Less than 24 hours earlier I woke up in a freezing desert outside Red Rock Canyon where I spent Christmas rock climbing. I now found myself in a snowy parking lot stuffing climbing ropes and ice tools into an already full backpack. I would be celebrating this New Year’s Eve by winter camping in a Coldstream Canyon at the base of frozen waterfalls for ice climbing. Welcome to Brice-style holidays.
Approach
The gate past the parking lot was open so we were able to shuttle an advance group with heavy packs three miles in near the Lost Trail Lodge with the next group to follow on foot. After being dropped off we still had three snowshoe miles, mostly on road, before we followed snowshoe tracks left toward the canyon. I had injured my shoulder from landing on ice while skiing 10 days before and the heavy pack reminded me with painful aching.
Once arrived, our group leader free climbed up to the top up a moderate slope and threw down ropes from the extended chain anchors left here from summer craigging. The ice climbing had begun!
Night Climbing into the New Year
These water ice (WI3, WI4) climbs were very different than the glacial ice climbing I did in Peru. Instead of always front pointing my way up solid vertical ice I could step into footholds, hook my axe in pockets, and use a hand on rock half the time. I watched more talented climbers as they used only a single swing or kick to secure their appendages into the ice. Testing ice and using minimal impact force on it to climb delicate features like chandelleers or ascending with only one axe to better climb a mixed route. For many in our group this was their first ice climb and each person ran up a route several times before dusk set in and we stomped back to camp in our crampons for dinner.
Sadie and I did one last route under the night sky, lighting the ice by headlamp before heading back to warm foil packages of rehydrated food. On Sadie’s climb the rope had gotten so icy that I had to wrap it around my hand to pull it through the belay device. Both providing grip and shattering the quarter to half half inch thick ice casing around her line. There was plenty of running water on this route and the belay rope was very close to an exposed water fall at the top.
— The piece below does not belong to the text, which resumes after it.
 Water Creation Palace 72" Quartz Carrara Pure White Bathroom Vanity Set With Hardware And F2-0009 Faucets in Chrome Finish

Back at camp we broke out New Years Eve. Popping the champagne and passing it around telling the most humorous embarrassing moment of 2016, our favorite climb or what we were most thankful for. I blasted Veorra from my iPhone as we walked back up to the walls to ice climb into the new year. The ice glistened under headlamp as I swung my tools for purchase and thrusted my mountaineering crampons into icicle-like features. A little before midnight we pulled the ropes and returned to our tents. Sleeping in my snow nestled home I was surprised by how much warmer it was compared to the first night I slept in the desert outside Red Rock Canyon.
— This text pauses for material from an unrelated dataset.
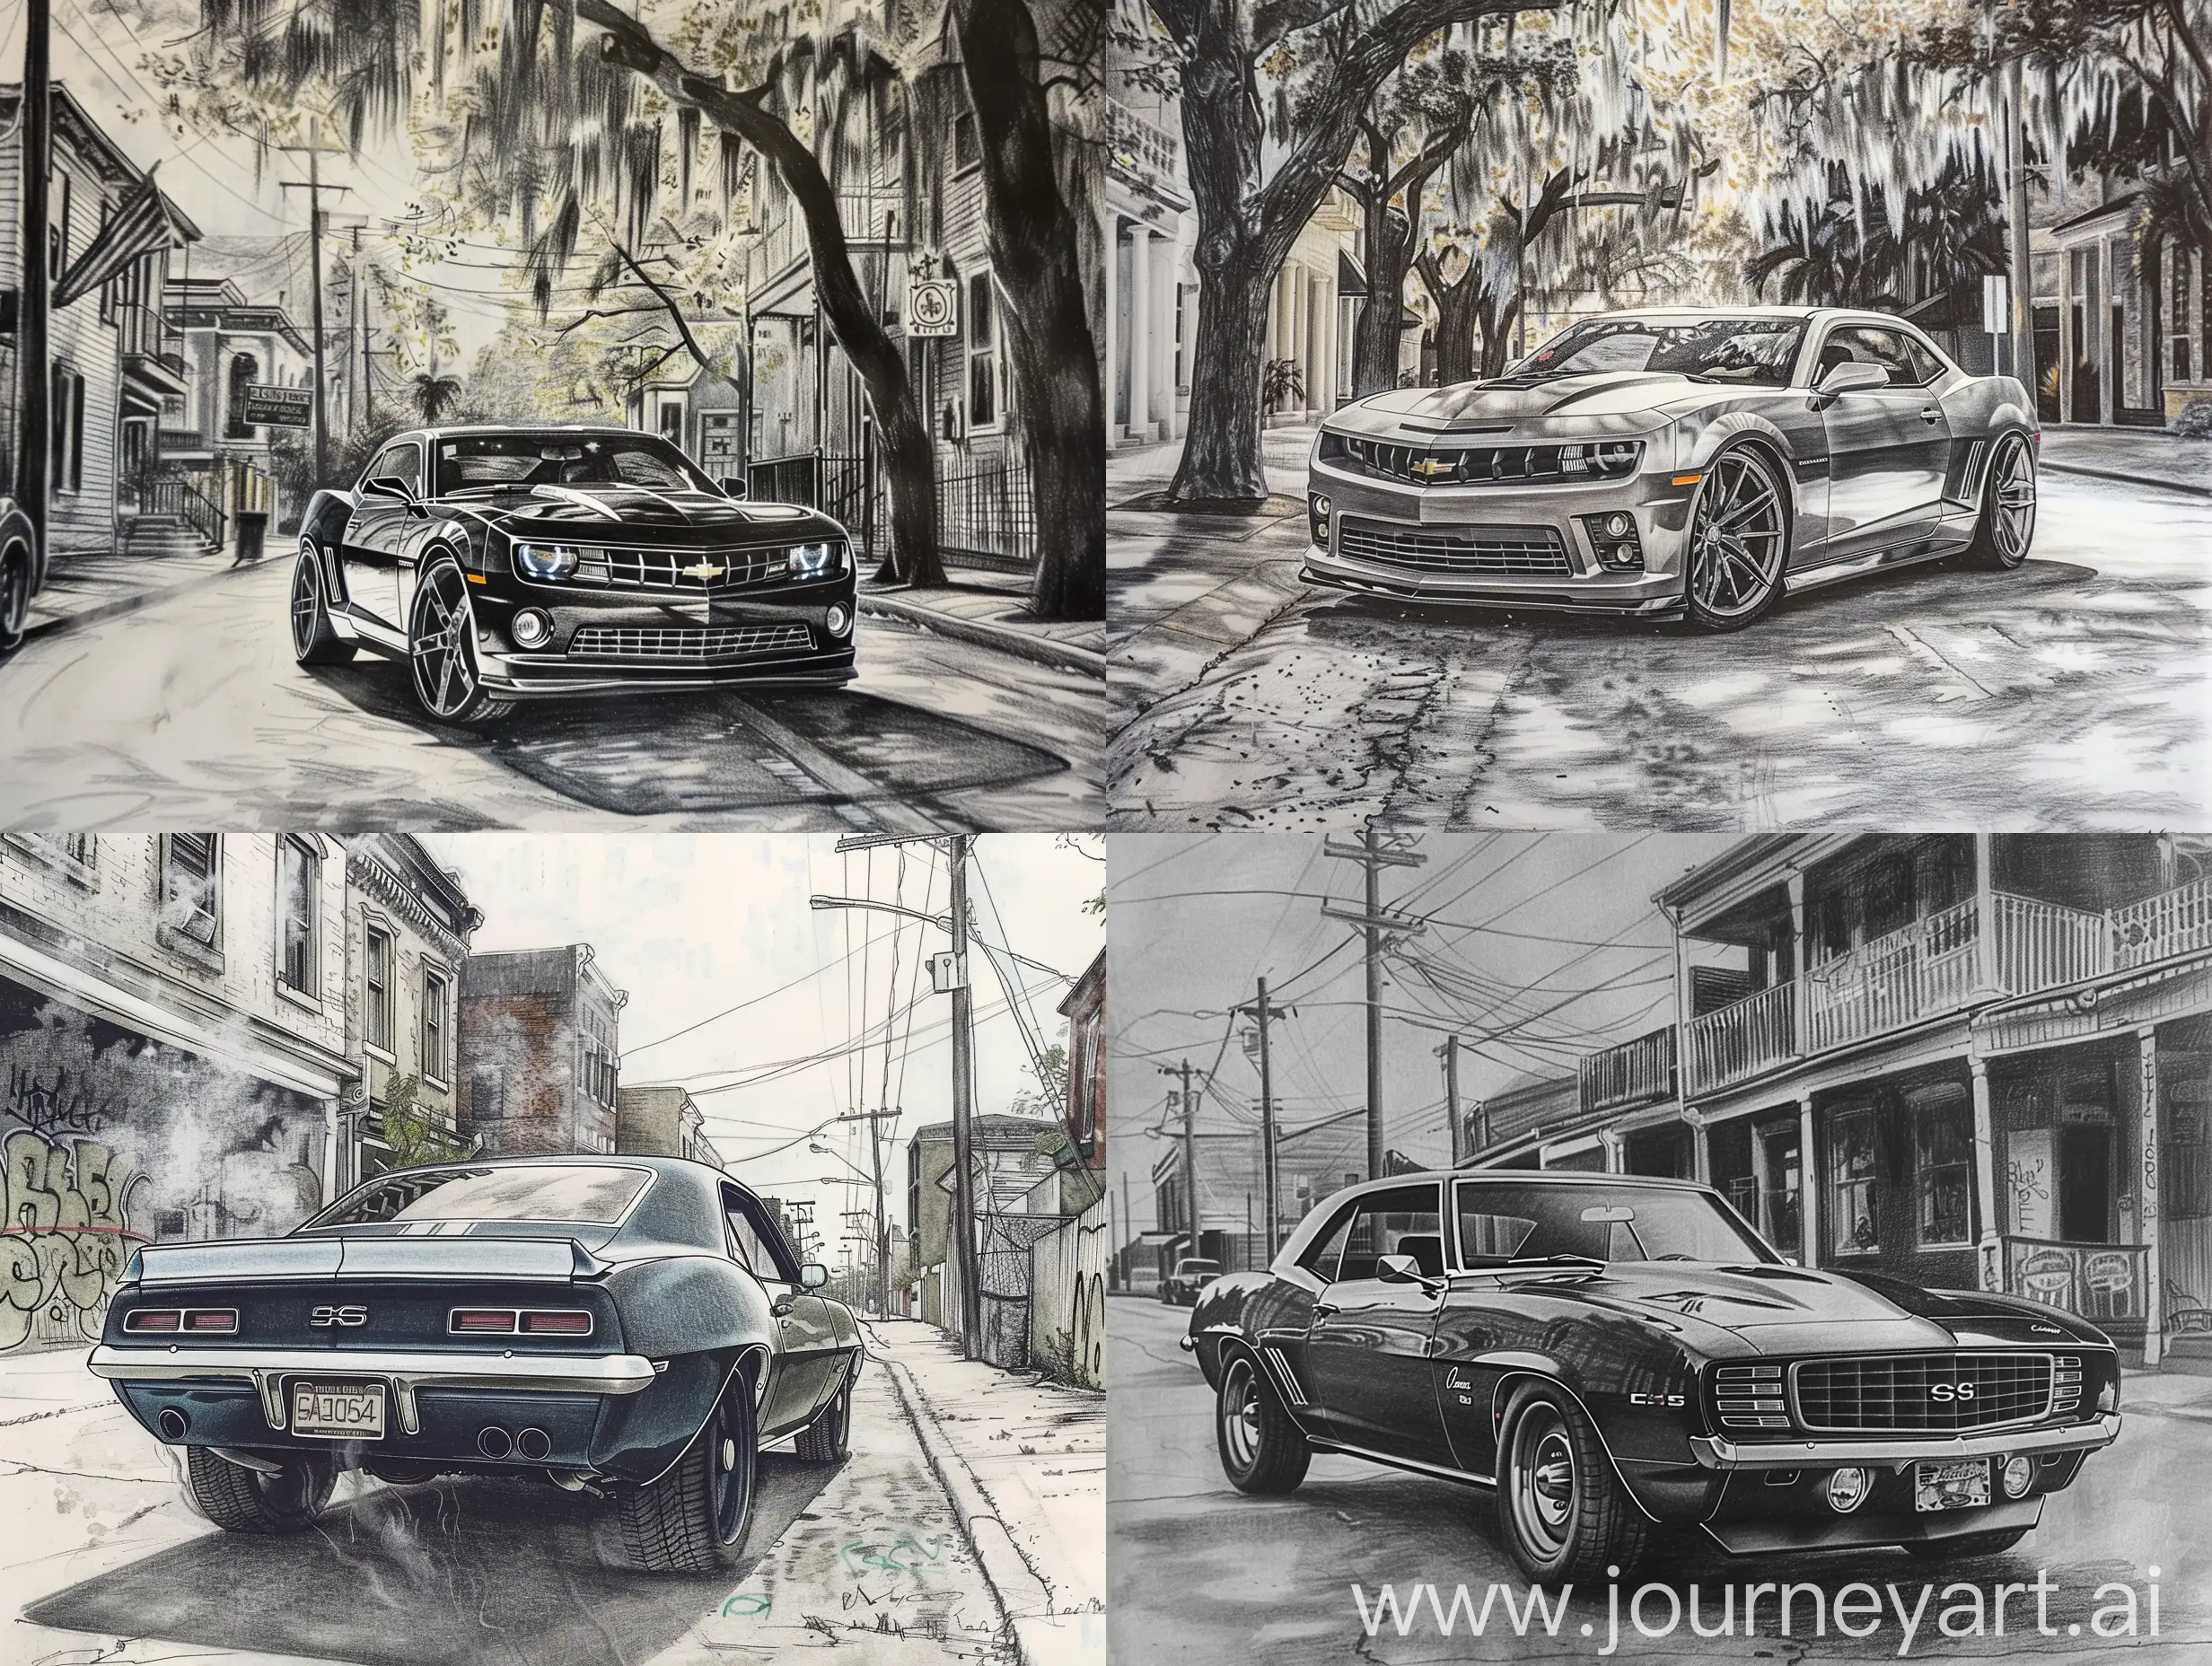 A drawing of a Camaro in the morning down the street, in the style of enigmatic tropics, dieselpunk, photographically detailed portraitures, luxurious wall hangings.

The next morning we hit the walls at a leisurely pace around 9am. A cold front had rolled in, dropping the temperature to a high of freezing and forecasted to bring in over a foot of snow. I became a frozen statue with numbing fingers and toes while belaying a couple lead climbers up our left route for over an hour. I revived them by walking to camp and back before hoping on another route, trying my best to mimic techniques I observed the prior day: multiple foot steps for one tool swing, keeping my butt out as I walked up and placing my heels down to engage my secondary points.
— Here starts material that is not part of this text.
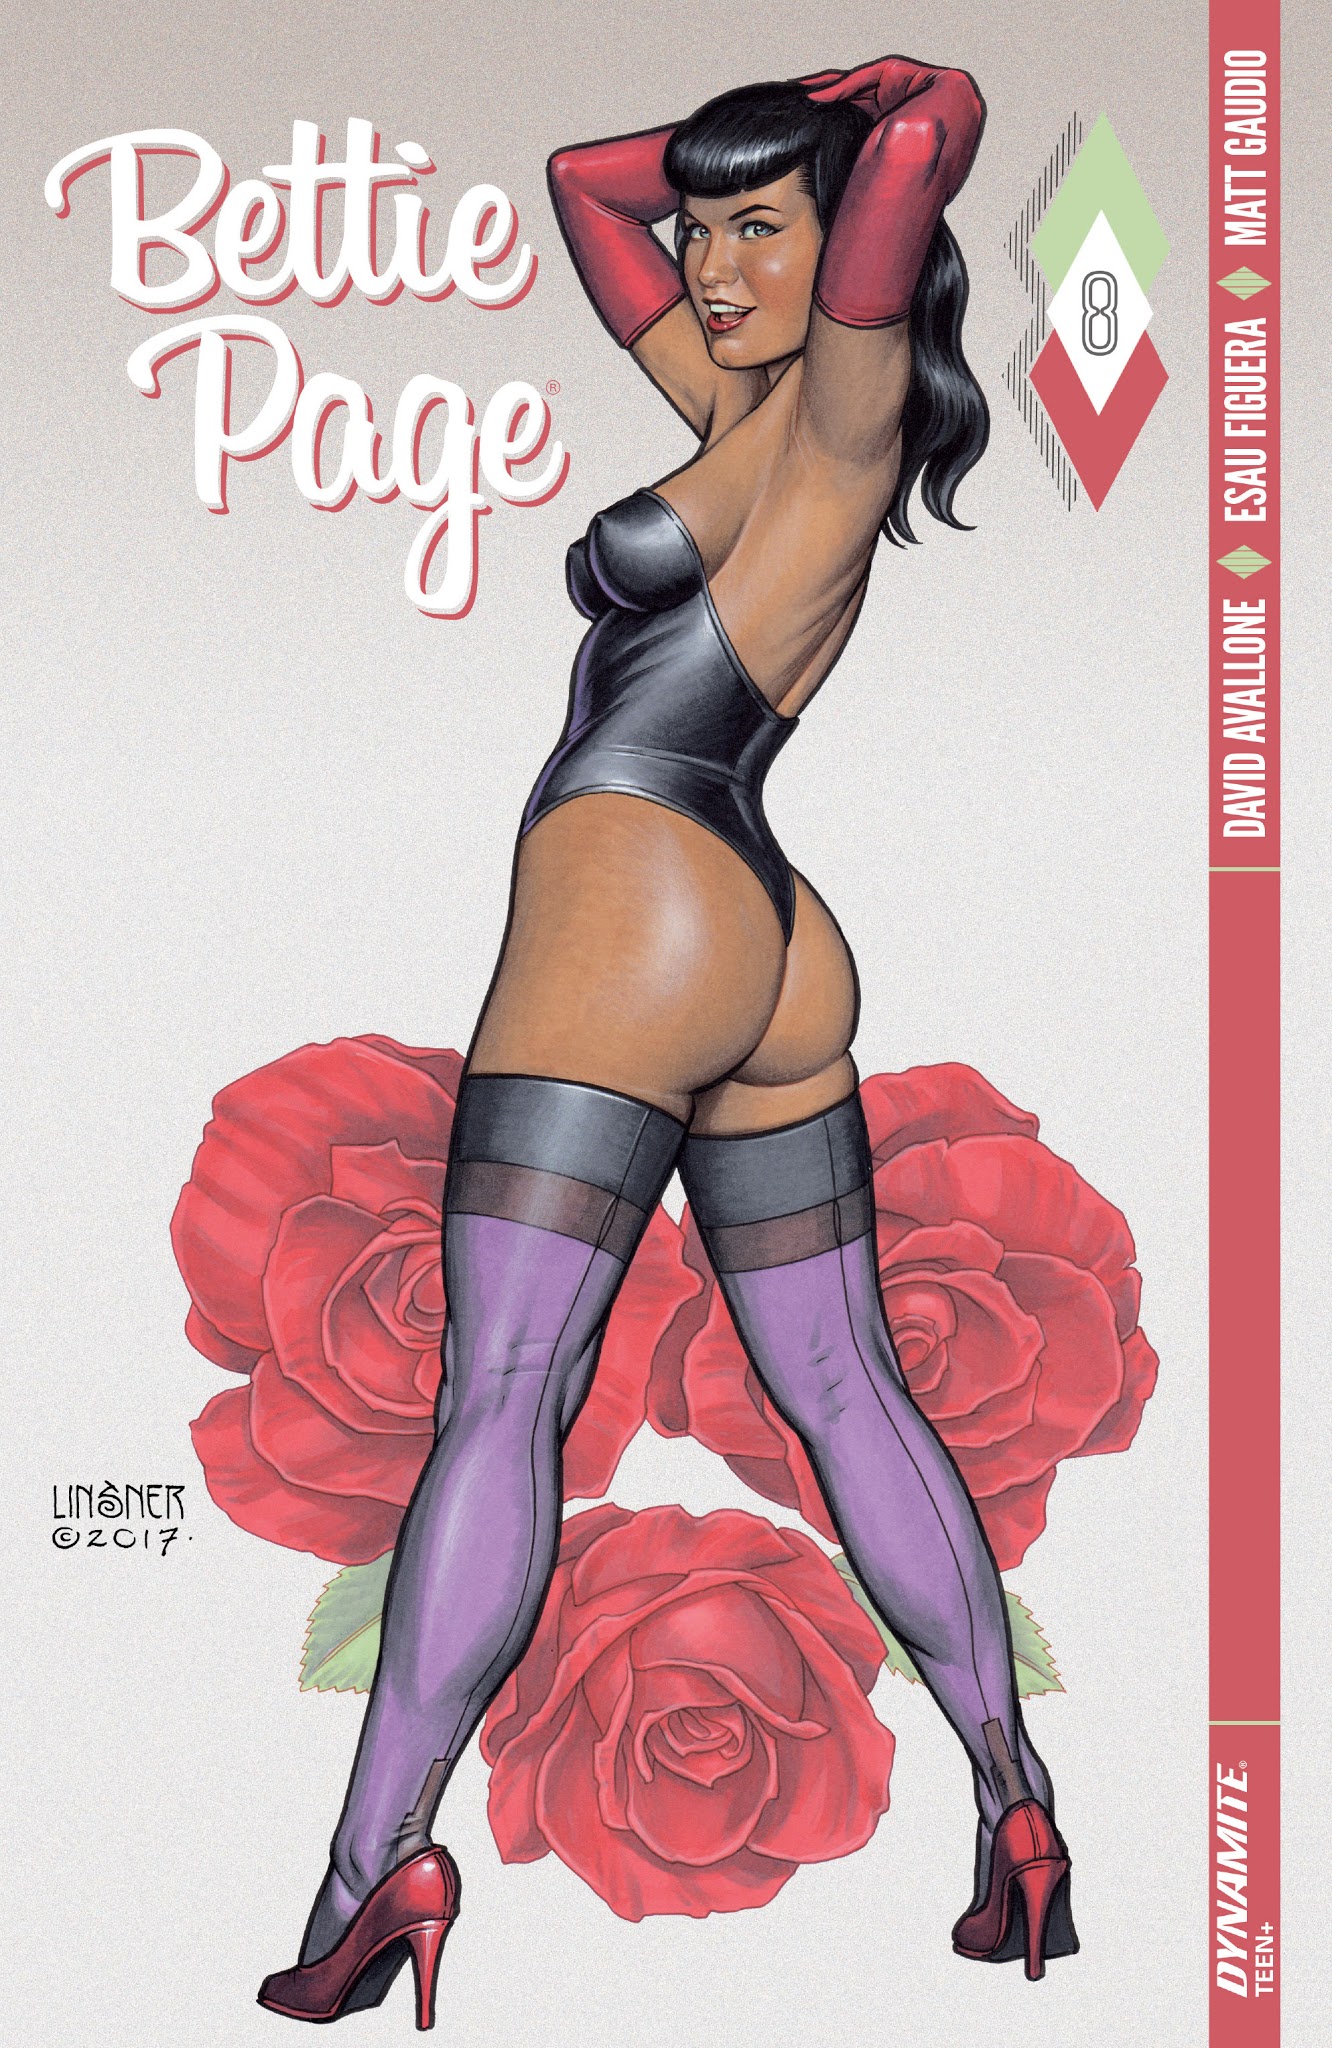 Read online Bettie Page comic -  Issue #8 - 1

Comparing Ice and Rock Climbing
After lunch we took off for six miles of snowshoeing back to trailhead, half of this by headlamp, until we arrived to our snowy cars. Ice climbing is a cool idea and a helpful mountaineering skill, but running up the same route over and over again didn’t quite provide the same level of challenge that rock climbing craiging provides with dozens of routes on a single wall. The biggest thing I was surprised by on my first water ice experience is how much ice comes off when you are climbing. Ice is constantly showering down. One person got hit in the helmet by a piece the size of my head. Another in the face by a baseball sized piece. Its dangerous!
So… I’m going to try to learn these skills to make me a better mountaineer. However, ice climbing didn’t have the variation or body movement flow to make it as enjoyable as rock climbing and won’t be something I start doing on the regular. I’m interested to see how different areas feel when I go the super popular Lee Vining area which has many more routes for ice climbing instruction later this month.